■ **Source data**
----

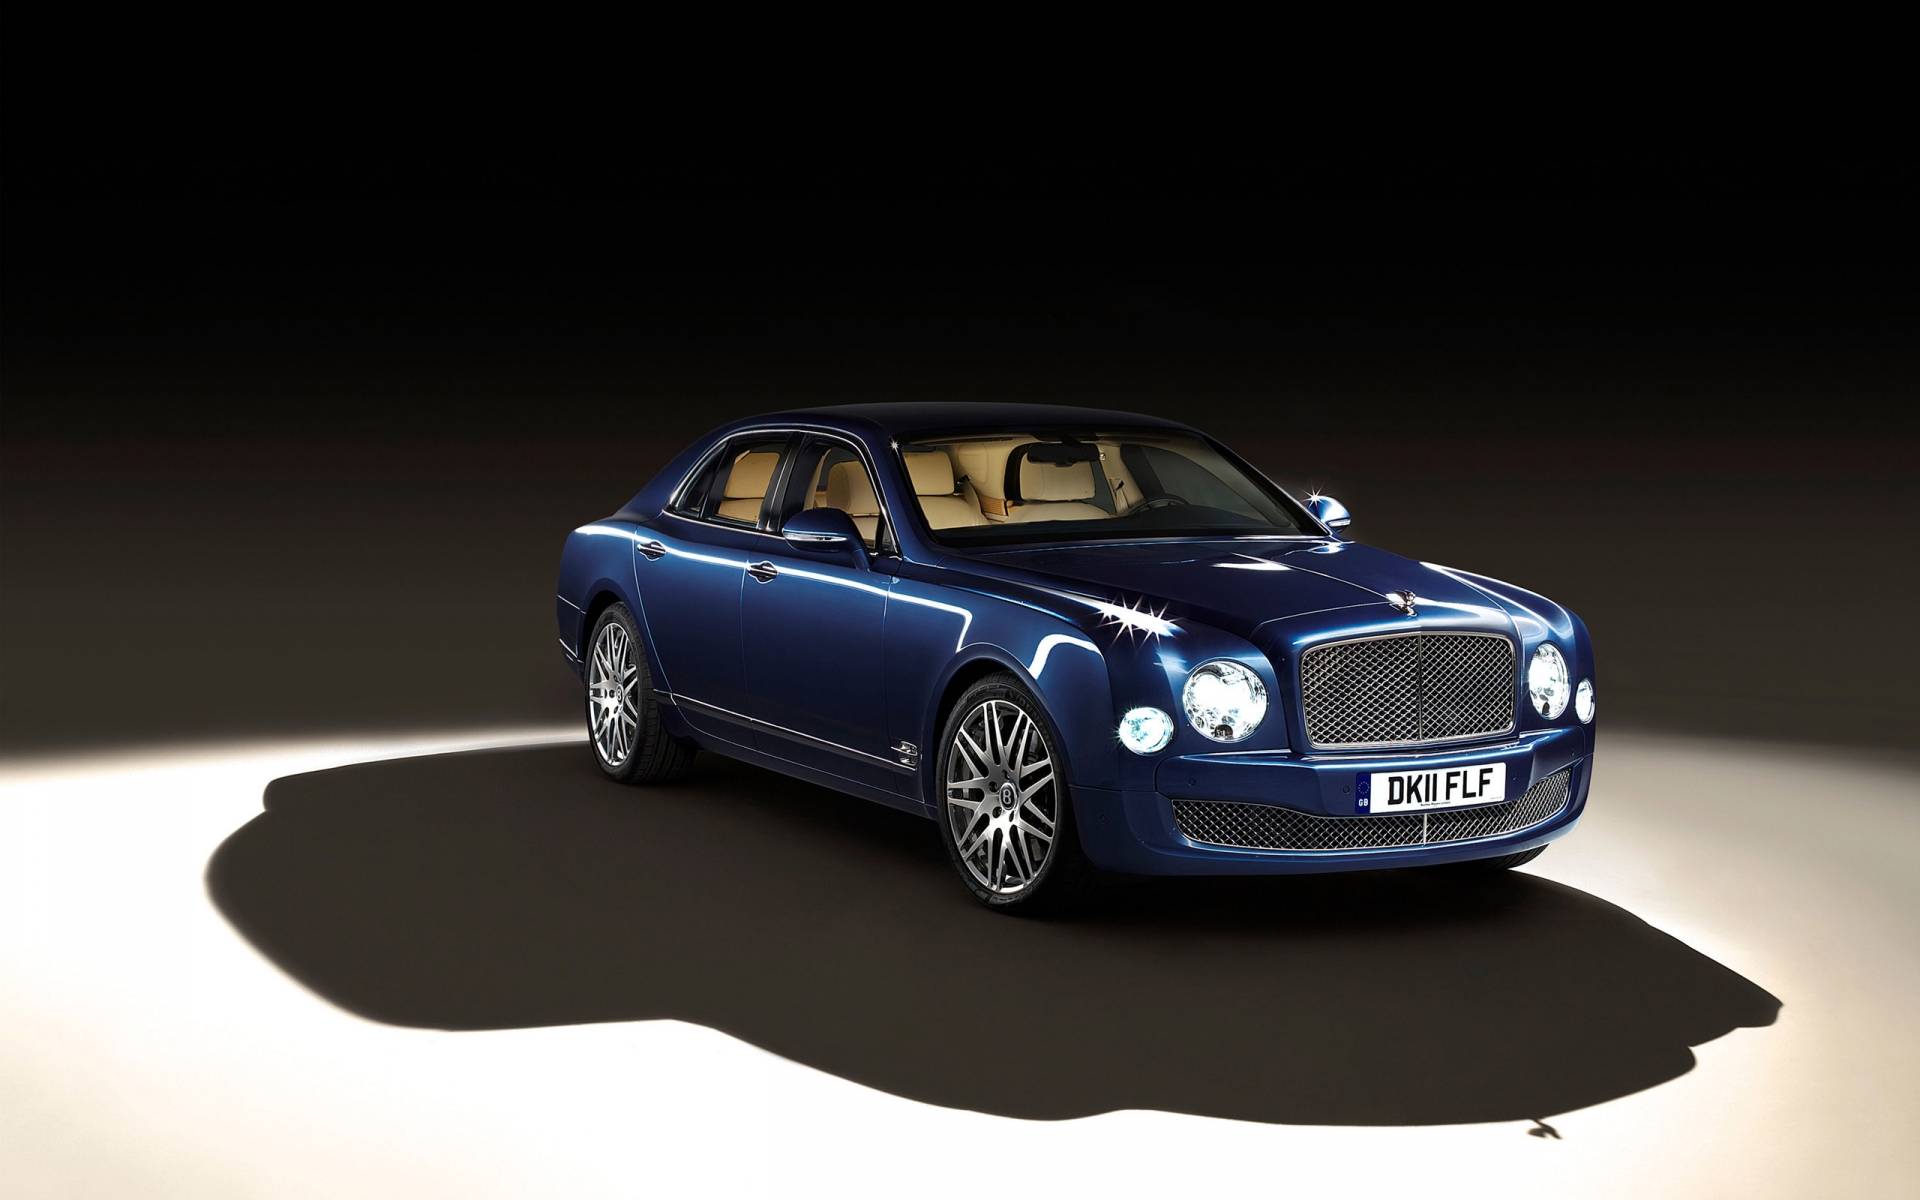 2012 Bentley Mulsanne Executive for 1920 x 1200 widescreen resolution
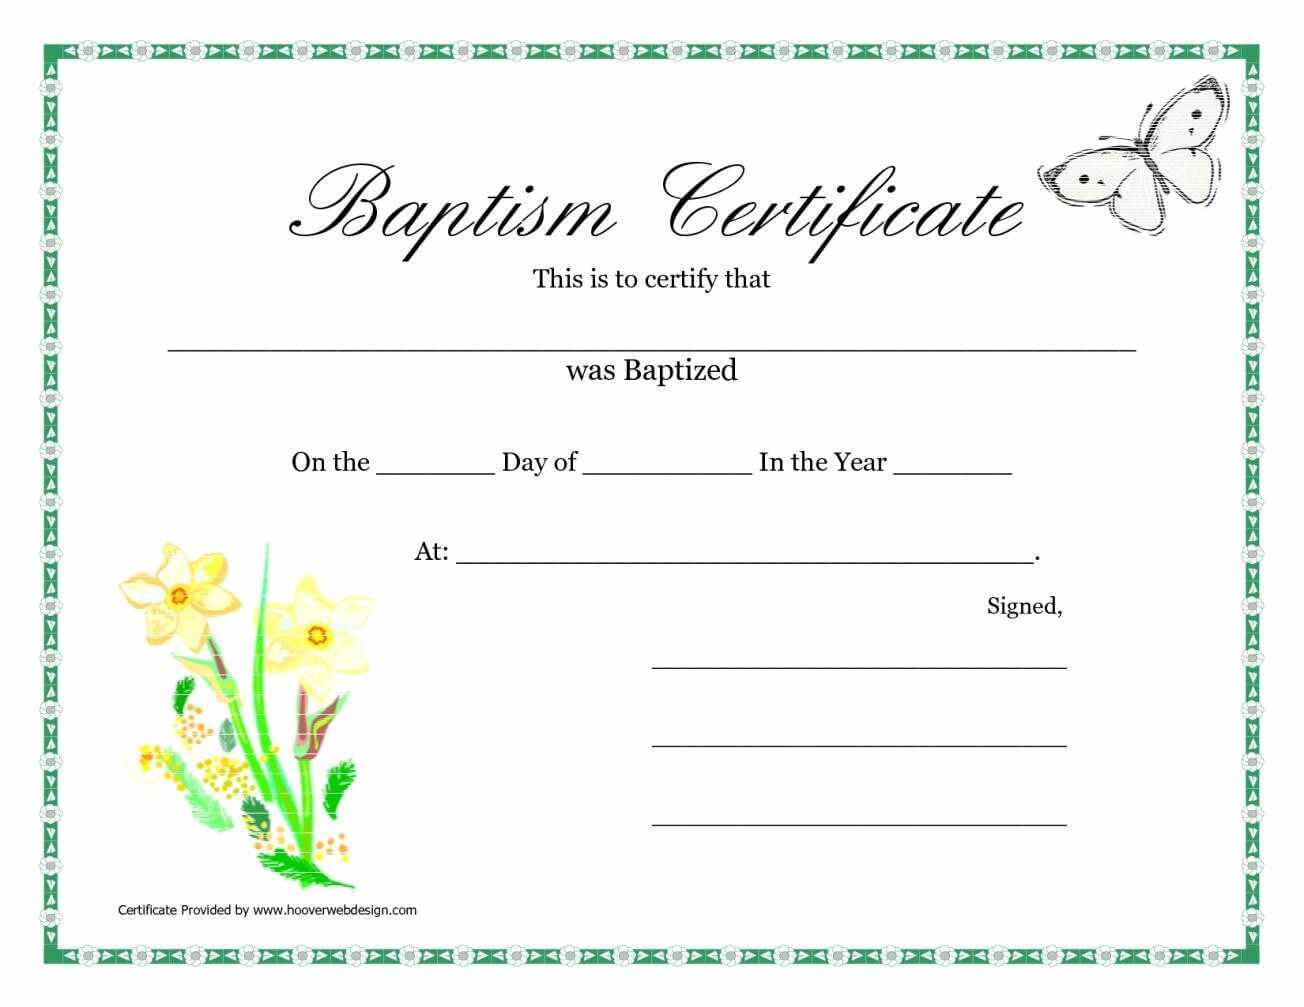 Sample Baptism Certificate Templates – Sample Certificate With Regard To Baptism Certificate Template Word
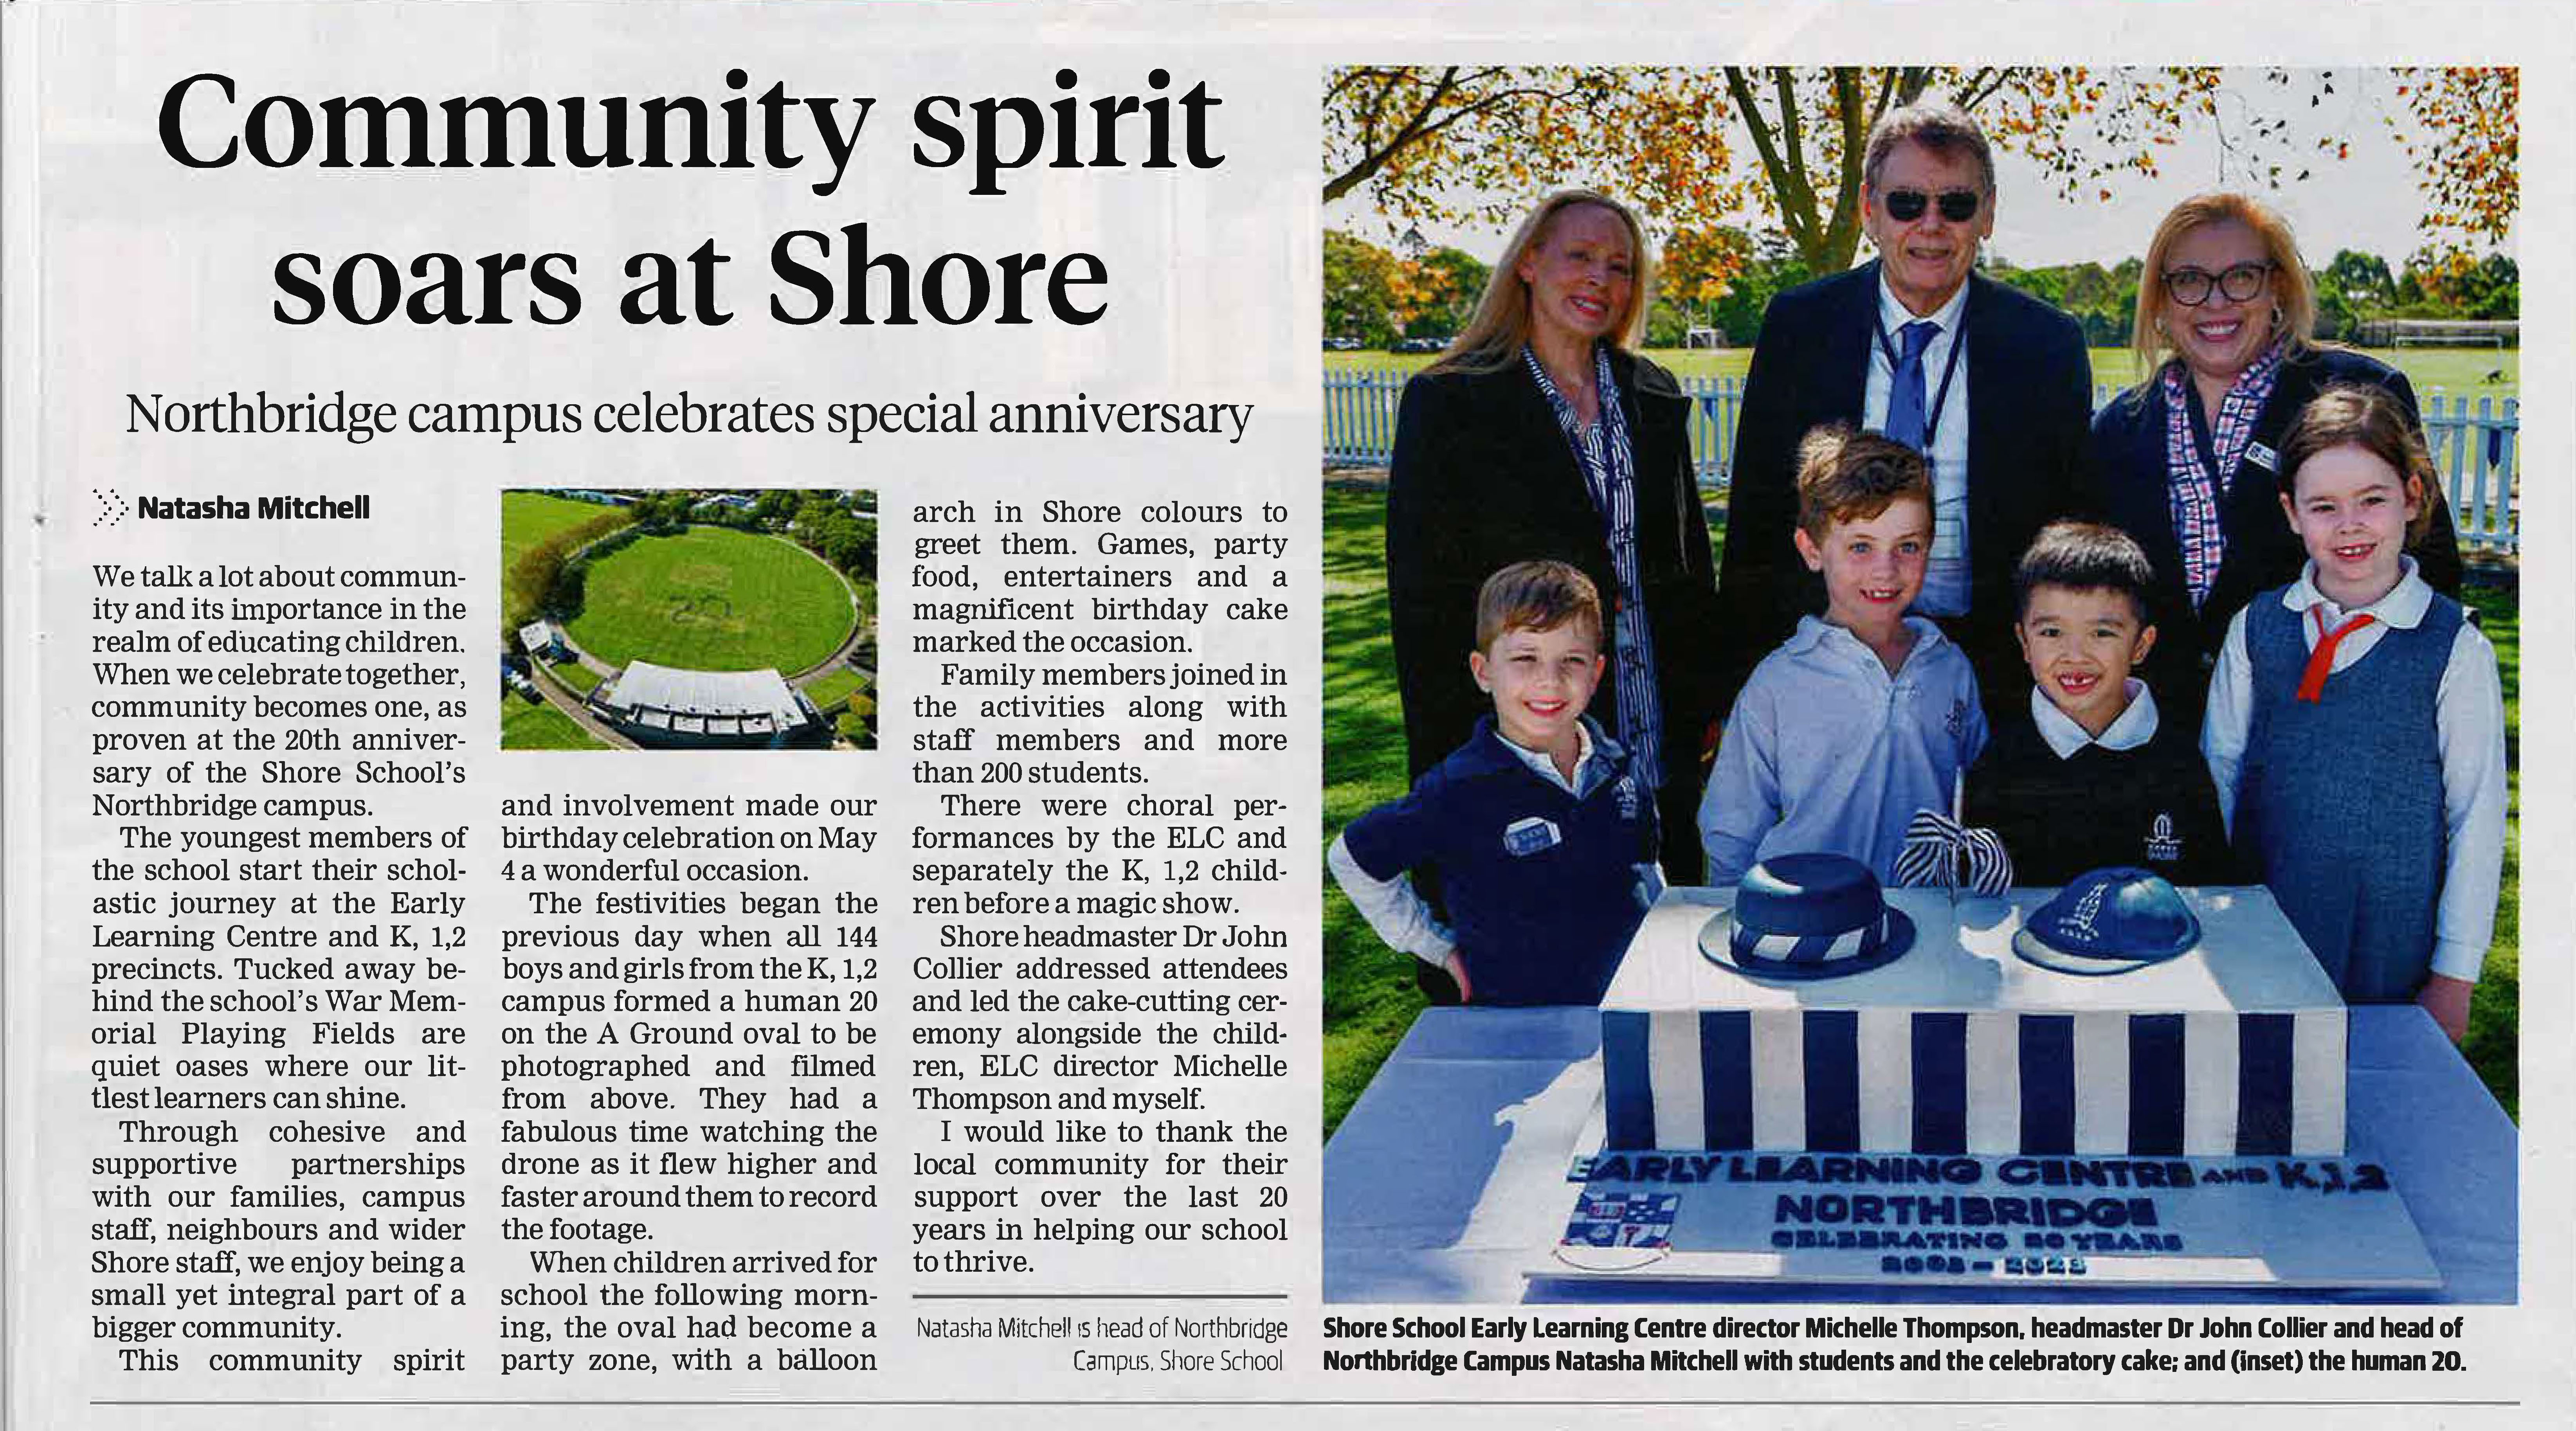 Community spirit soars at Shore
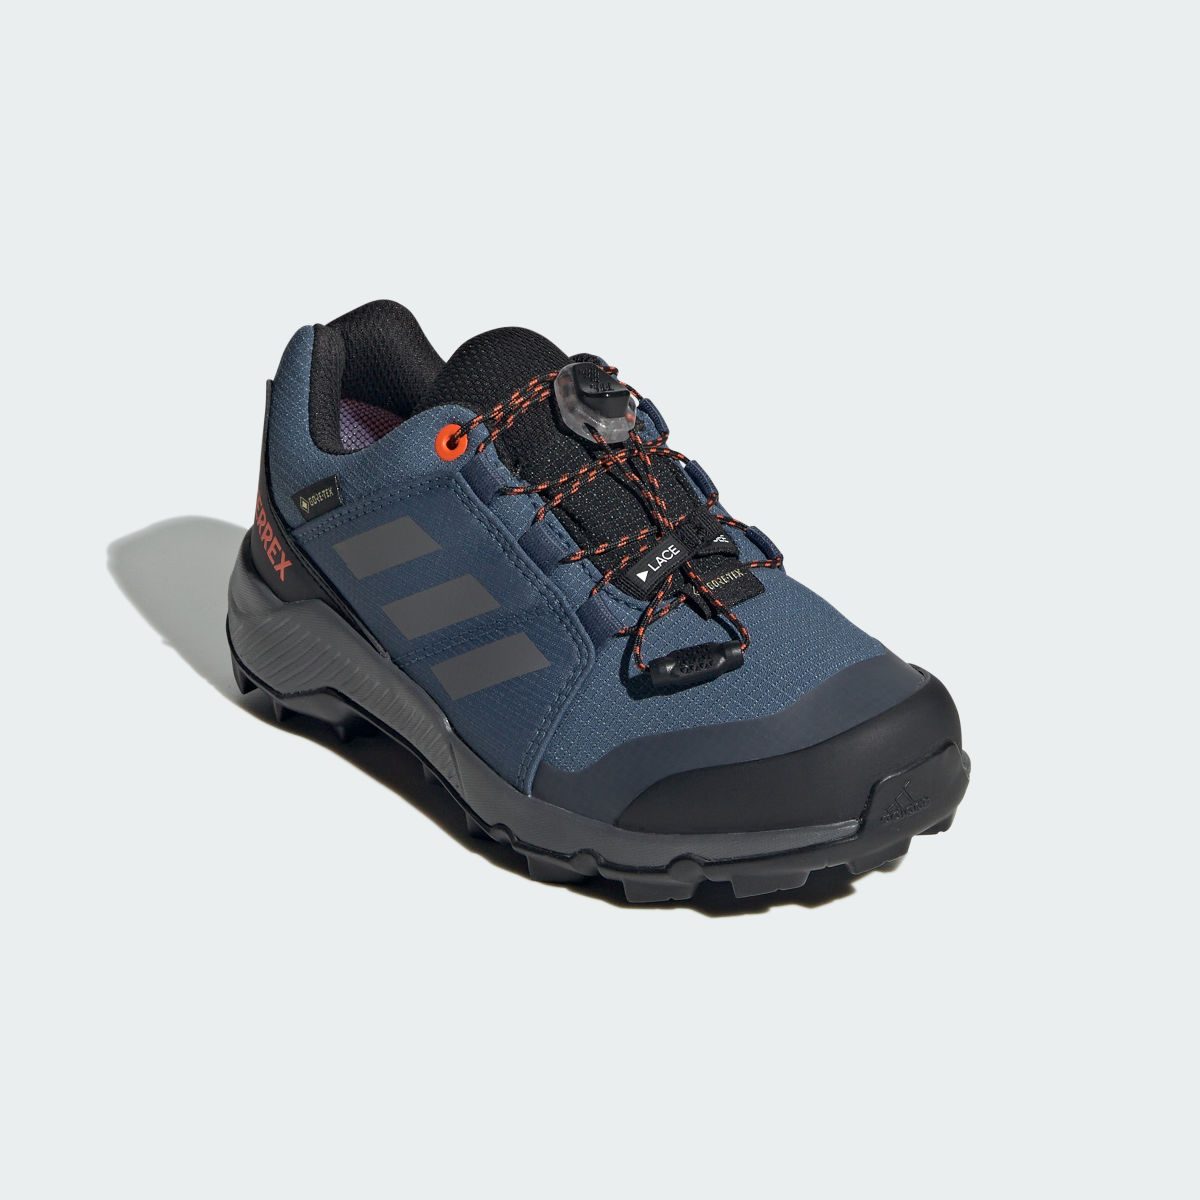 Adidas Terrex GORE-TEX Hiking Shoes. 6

----

■ **Problem details**
Repeat verbatim the lines from the one holding "Sample Baptism Certificate" through the end of the listing above, both ends included, but not the pictures.

■ **Problem solution**
 Sample Baptism Certificate Templates – Sample Certificate With Regard To Baptism Certificate Template Word
 Community spirit soars at Shore
 Adidas Terrex GORE-TEX Hiking Shoes. 6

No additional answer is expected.